What you should give back is a precise copy of the lines below from the one containing "David, guide at" through the one containing "Garfield Golden Grads Gazette", with no pictures.
Start of RECORDS TO USE
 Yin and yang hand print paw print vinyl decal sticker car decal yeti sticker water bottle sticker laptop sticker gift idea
End of RECORDS TO USE
Start of RECORDS TO USE
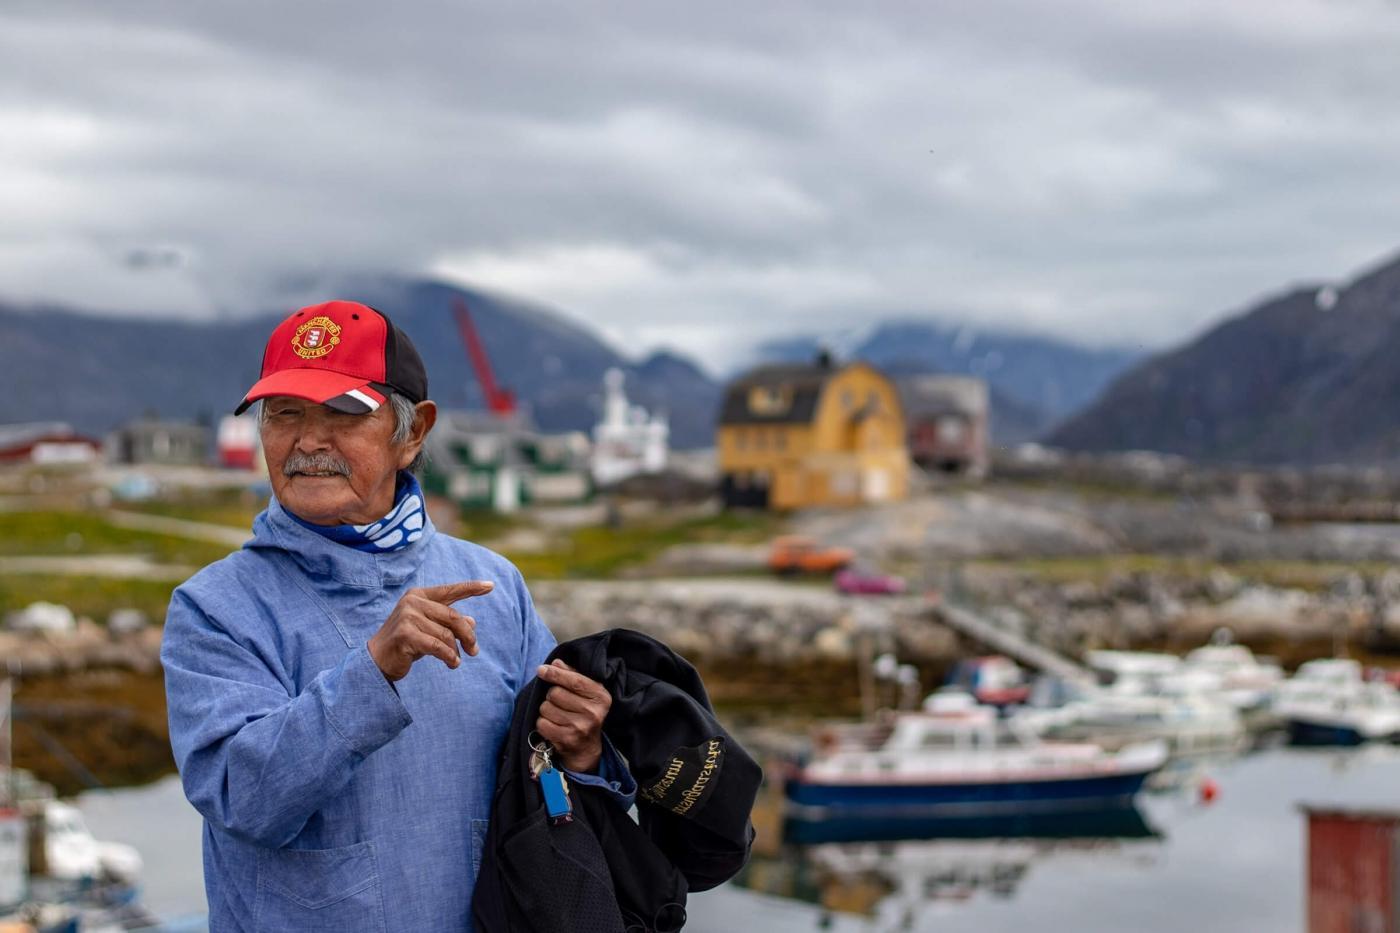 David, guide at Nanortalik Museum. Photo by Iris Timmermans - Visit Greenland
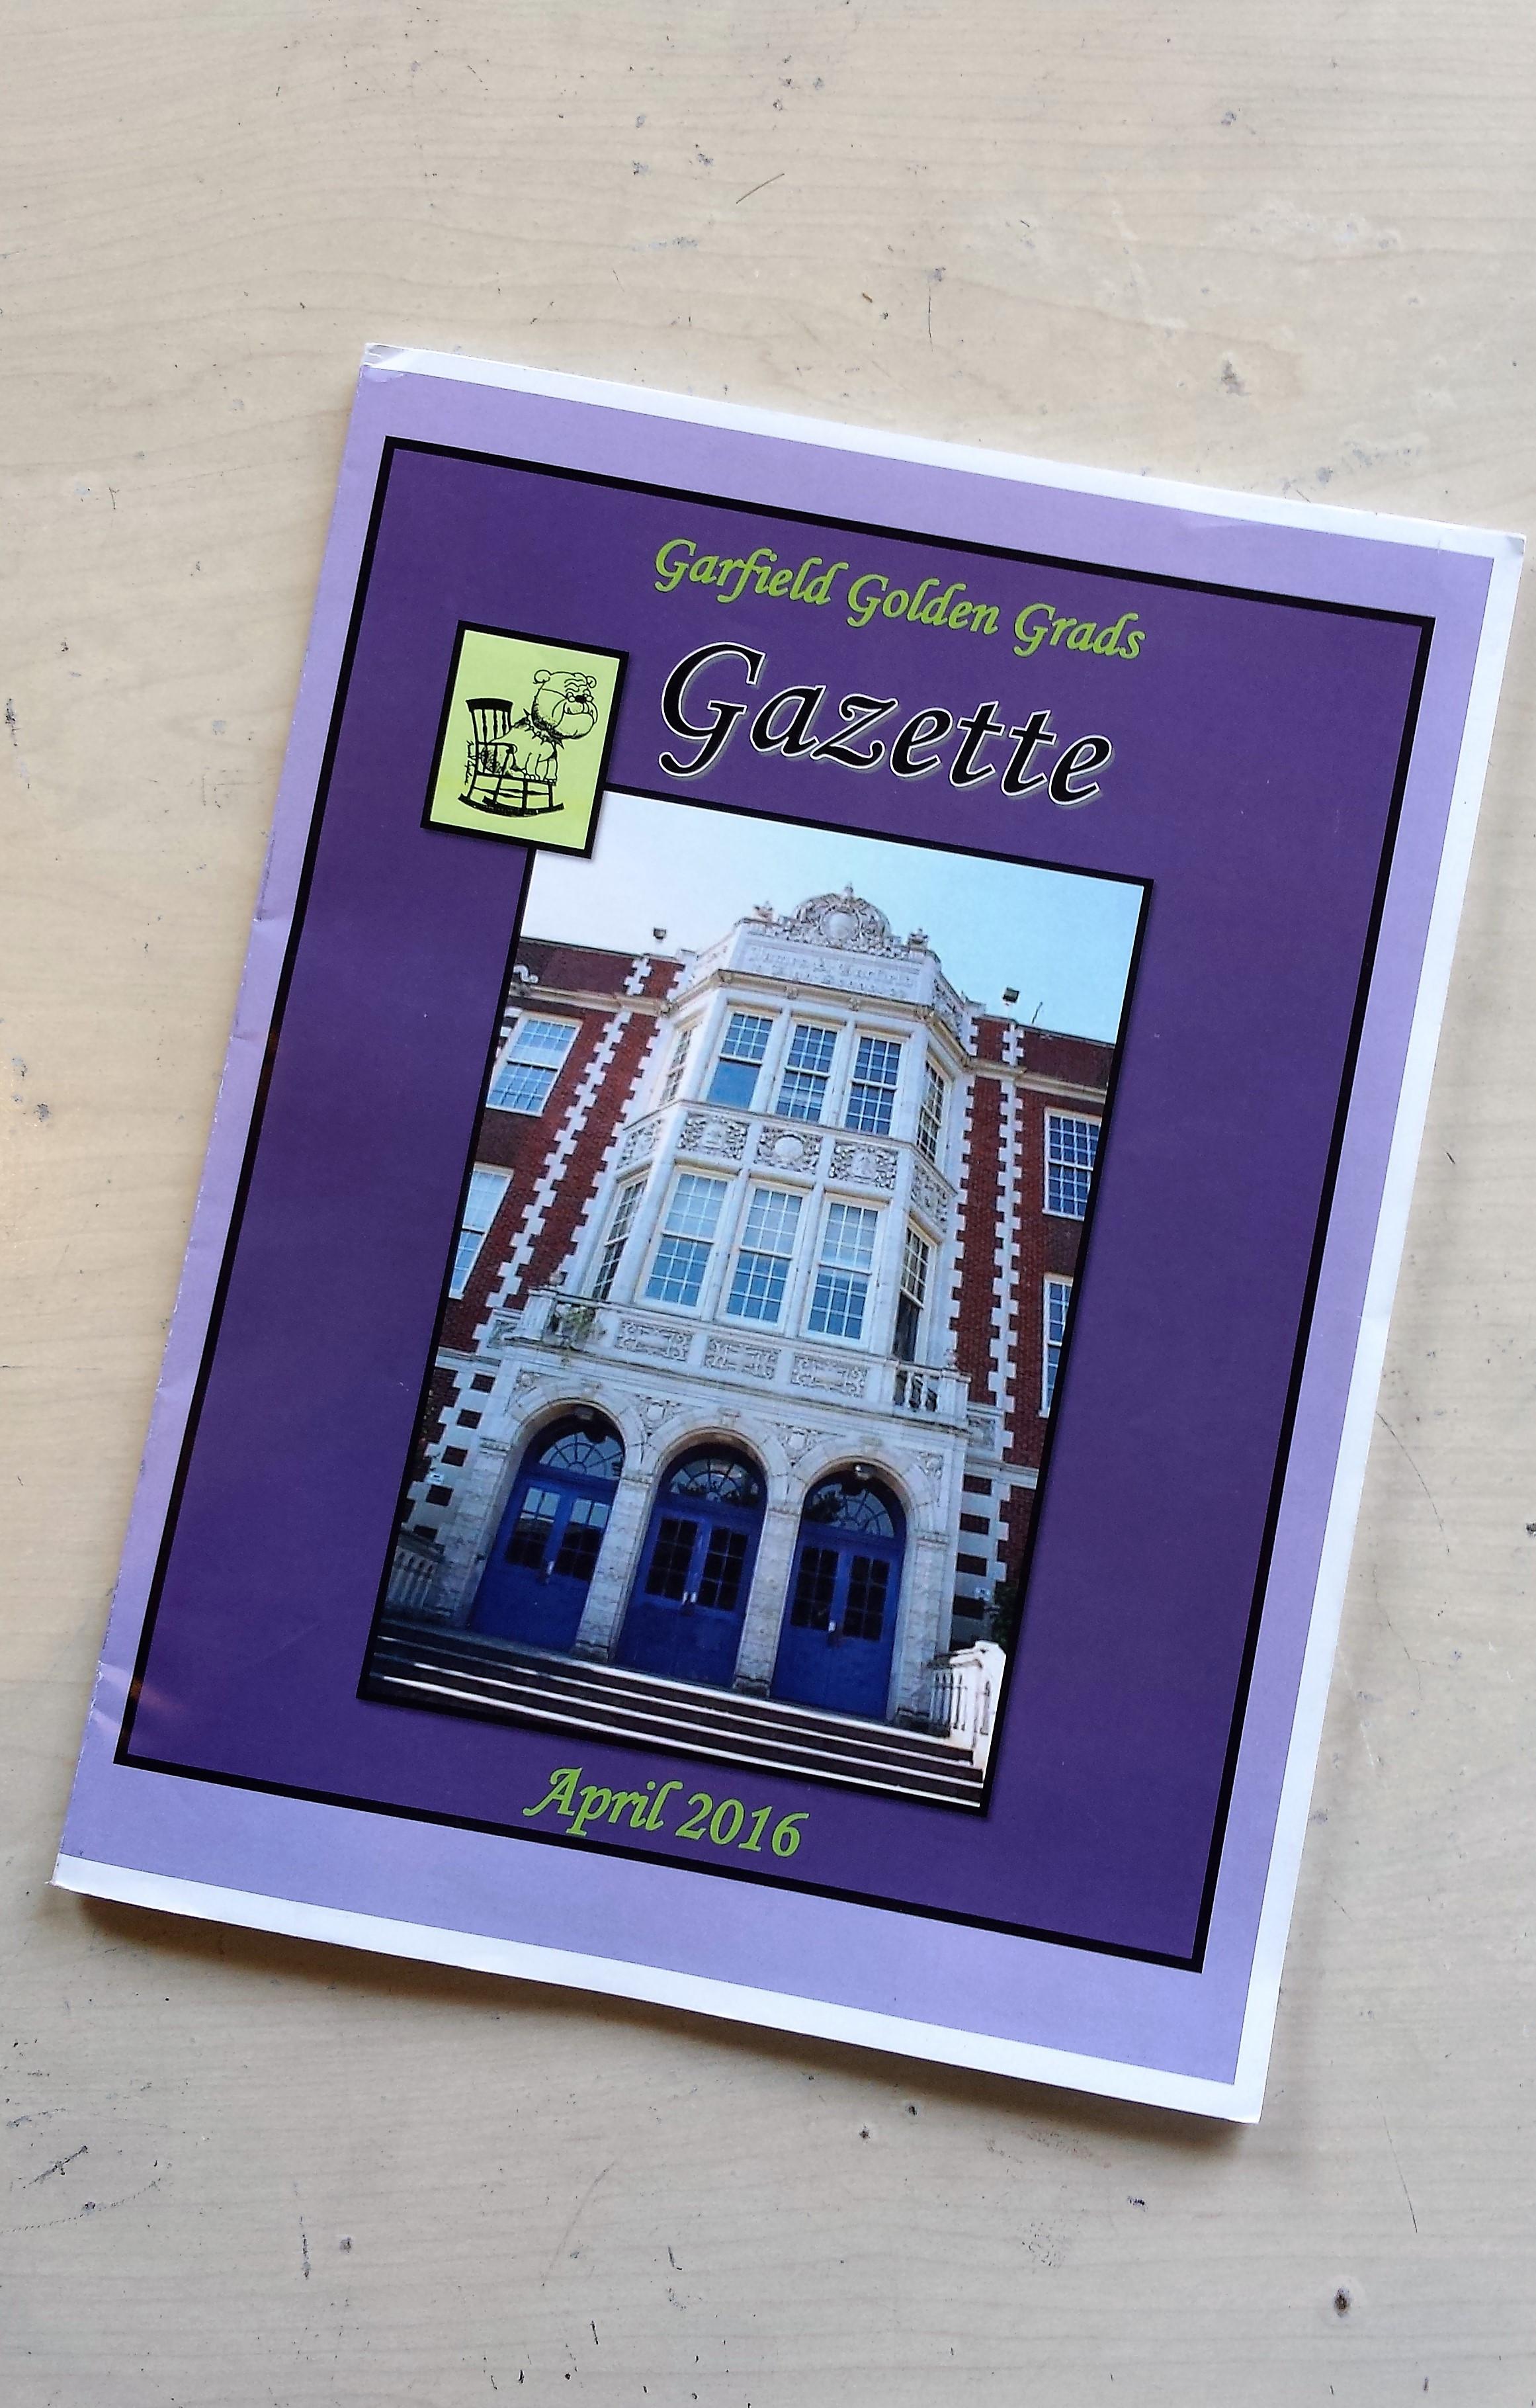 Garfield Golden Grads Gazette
End of RECORDS TO USE
Start of RECORDS TO USE
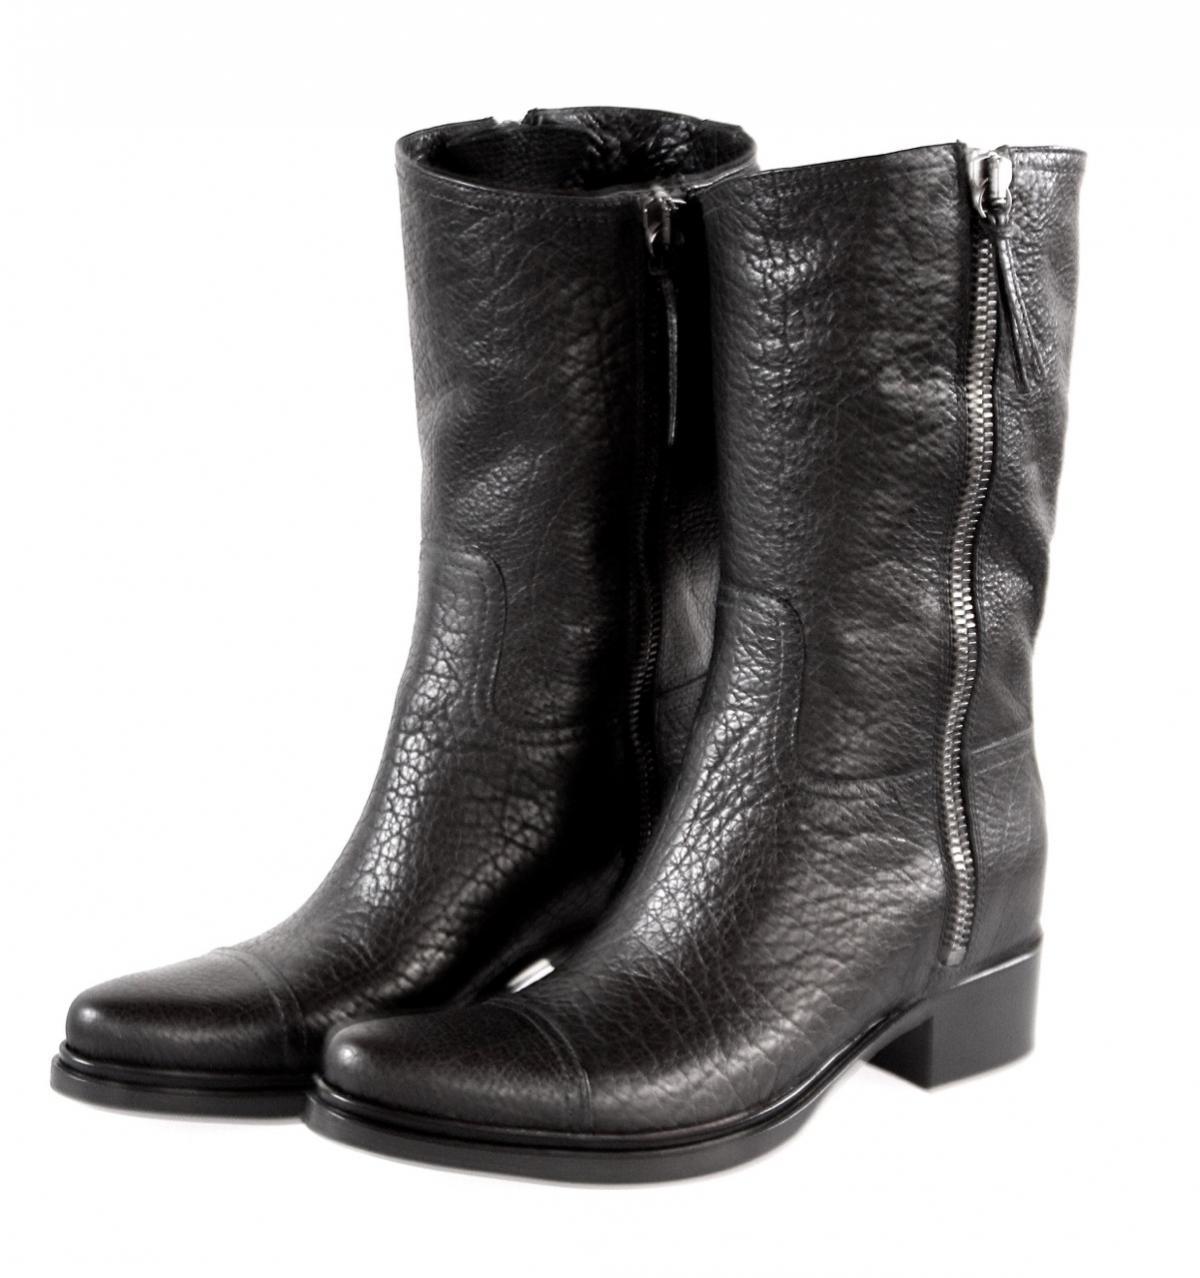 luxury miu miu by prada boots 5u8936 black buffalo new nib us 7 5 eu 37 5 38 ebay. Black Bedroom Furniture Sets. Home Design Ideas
End of RECORDS TO USE
EXERCISE RESPONSE —
 David, guide at Nanortalik Museum. Photo by Iris Timmermans - Visit Greenland
 Garfield Golden Grads Gazette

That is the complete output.